利用するクラウドサービスの内容としては、オンラインストレージやメールサービスの利用率が高い傾向にありました。しかし、最近では会計や人事などのバックオフィス業務を担うソフトウエアや、生産管理や在庫管理などの業務を行うソフトウエアも登場しており、クラウドサービスの幅は広がっているといえるでしょう。
クラウドサービスは、高速通信を実現する5Gや、インターネット上のビッグデータを解析するAIなどの最新技術との相性もよく、今後さらに普及していくと考えられています。
ここでは、情報システム担当者の方に向けて、2021年に導入をおすすめするクラウドサービスを紹介します。新型コロナウイルスの感染拡大がいまだに止まらない中、テレワークを推進している企業も多いのではないでしょうか。今回は、快適なテレワーク環境を整えるために役立つクラウドサービスを中心に紹介していきます。
Microsoftが提供するクラウド型の統合型ソリューションです。WordやExcelなどのOfficeソフトに加えて、メールサービスやオンラインストレージ、ビジネスチャット、オンライン会議システムといった、ビジネスにおいて必要な機能が一通り含まれています。テレワークをする上で課題となる円滑な情報共有やコミュニケーションは、このサービスを利用することで解決できるでしょう。
テレワークをする上で不安になるのが、情報漏えいやデータ消失などの情報セキュリティの問題だと思います。Shadow Desktopは、PCにインストールするだけでセキュリティ対策ができるクラウドサービスです。
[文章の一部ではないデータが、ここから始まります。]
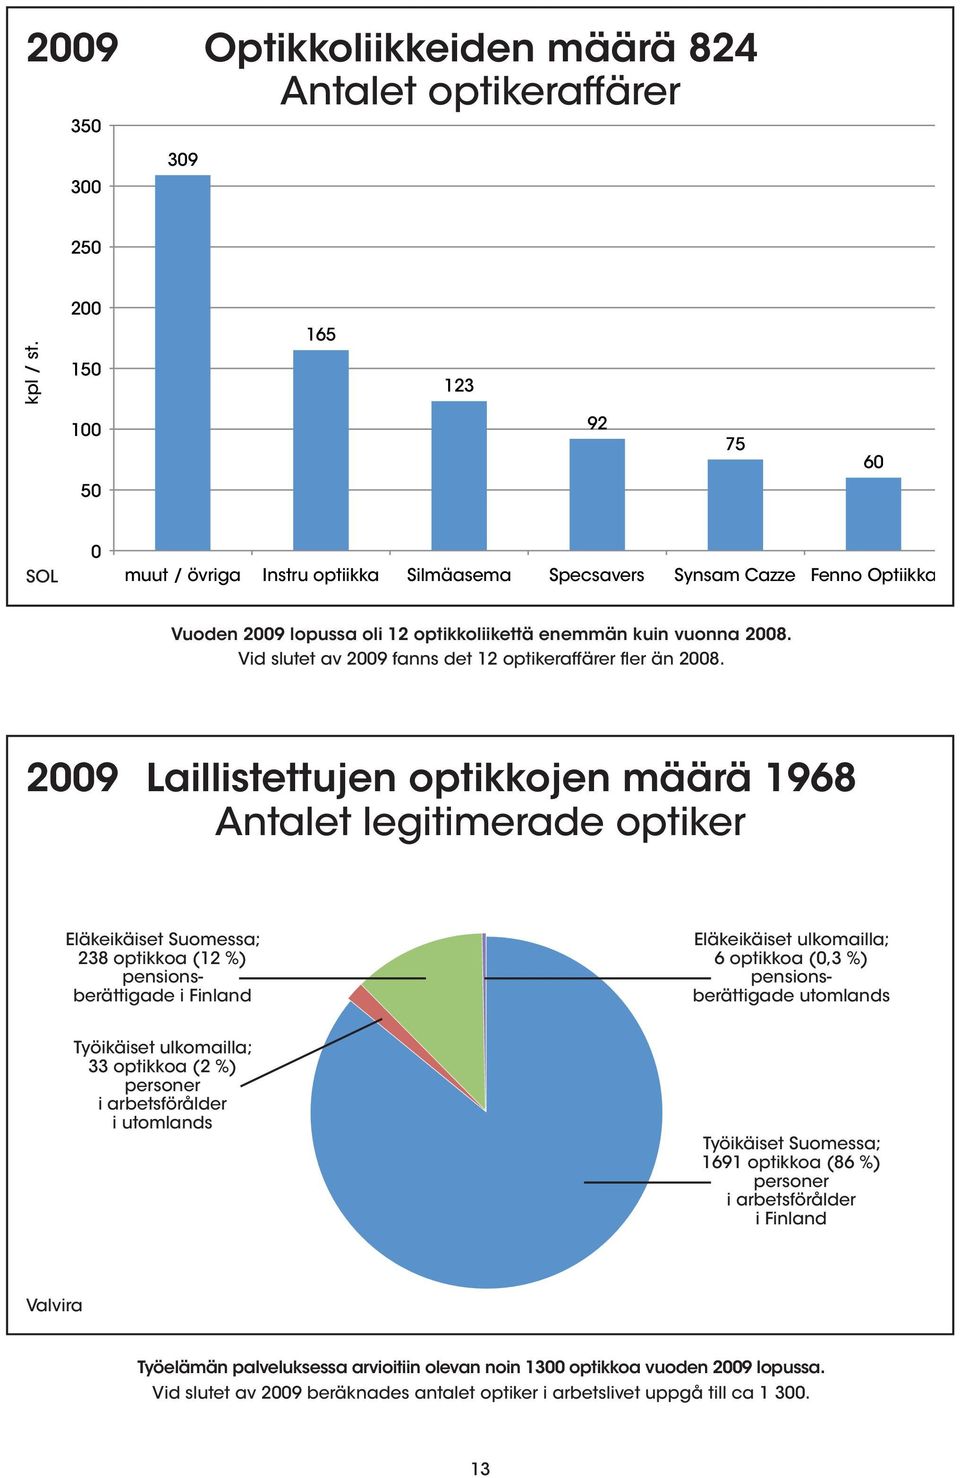 Vid slutet av 2009 fanns det 12 optikeraffärer fler än 2008.

PC本体にデータを保存せず、自動的にクラウド上に保存されるため、PCが紛失したり、故障したりしてもデータを保護することができます。
テレワークの影響で需要が高まっているのが、「紙+押印」を無くすことができる電子契約サービスです。クラウドサインは、PDF形式の契約書をクラウド上にアップロードして取引先と共有し、取引先の担当者がクラウド上で押印・署名することで契約を締結できる電子契約サービスです。全てがクラウド上で完結するため、契約のスピードを早める、紙代や郵送代などのコストを削減するといったメリットがあります。
クラウドサービスには、初期費用を安く抑えられる、柔軟に拡張できるといったメリットがあり、うまく利用すれば効率的にIT化を進めることができます。また、情報システム担当者にとっても、メンテナンスの手間がなくなるというメリットは大きいです。
テレワークが定着すると予想されるアフターコロナの時代を考慮しても、早期にクラウドサービスを利用しておく方が好ましいでしょう。
本記事で紹介したおすすめのサービスも参考にしつつ、クラウドサービスの利用を検討してみてはいかがでしょうか。